Au gré de la tourmente (Karl May)

Au gré de la tourmente.jpgPris dans une terrible tempête du Pacifique, le « Poséidon », trois-mâts américain commandé par le capitaine Roberts, est venu s’écraser sur la barrière de corail de l’île Pomatau. L’équipage a pu sauver la cargaison, mais n’a guère de moyen de reprendre la mer. Un peu plus tard, les naufragés voient une quinzaine de pirogues se diriger vers leur île. La première arrivée est celle de Patomba, un prince polynésien qui s’avère être pourchassé par les autres.
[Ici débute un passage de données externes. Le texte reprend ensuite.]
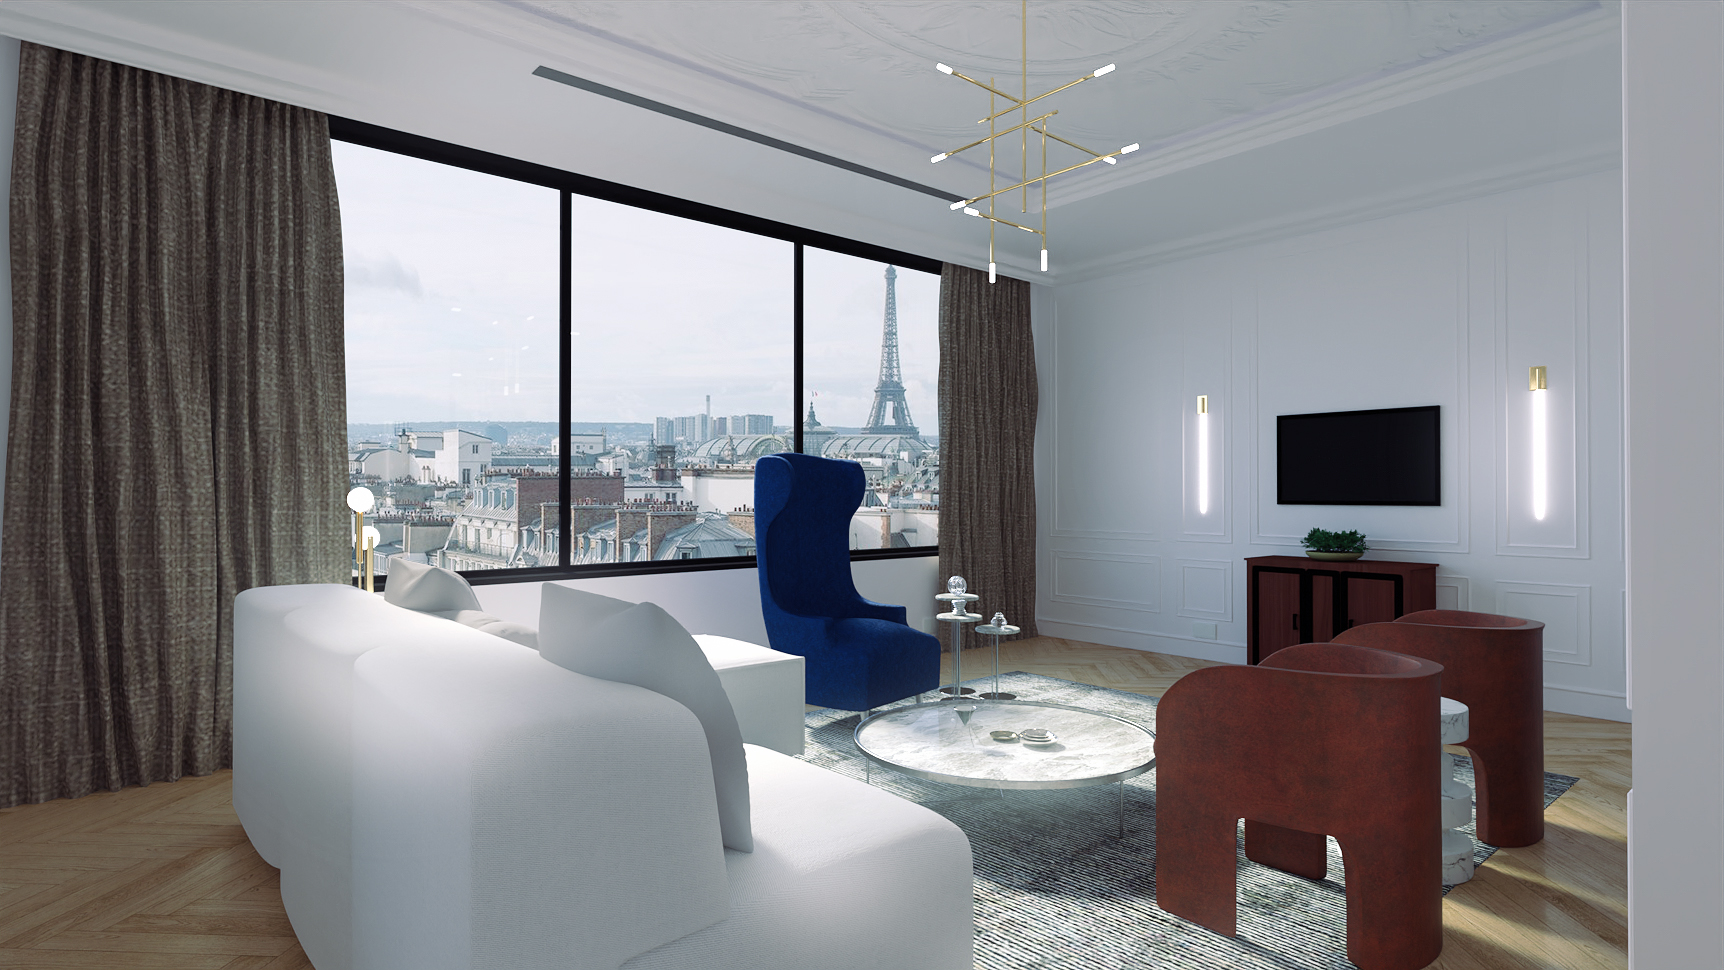 Paris Living Room by: Digitallab3D, 3D Models by Daz 3D

Les marins se mettent à son côté et repoussent les assaillants. Le narrateur, Charley repart avec Patomba pour chercher du secours à Papeete. Sur place, il est pris en charge par le capitaine Turnestick, ami de longue date de Charley. Le beau-père de Patomba veut lui reprendre sa fille pour la remarier avec un Polynésien animiste. Avec l’aide de Charley et de Turnestick, Patomba arrive à récupérer son épouse après s'être débarrassé du père, du rival et de quelques acolytes…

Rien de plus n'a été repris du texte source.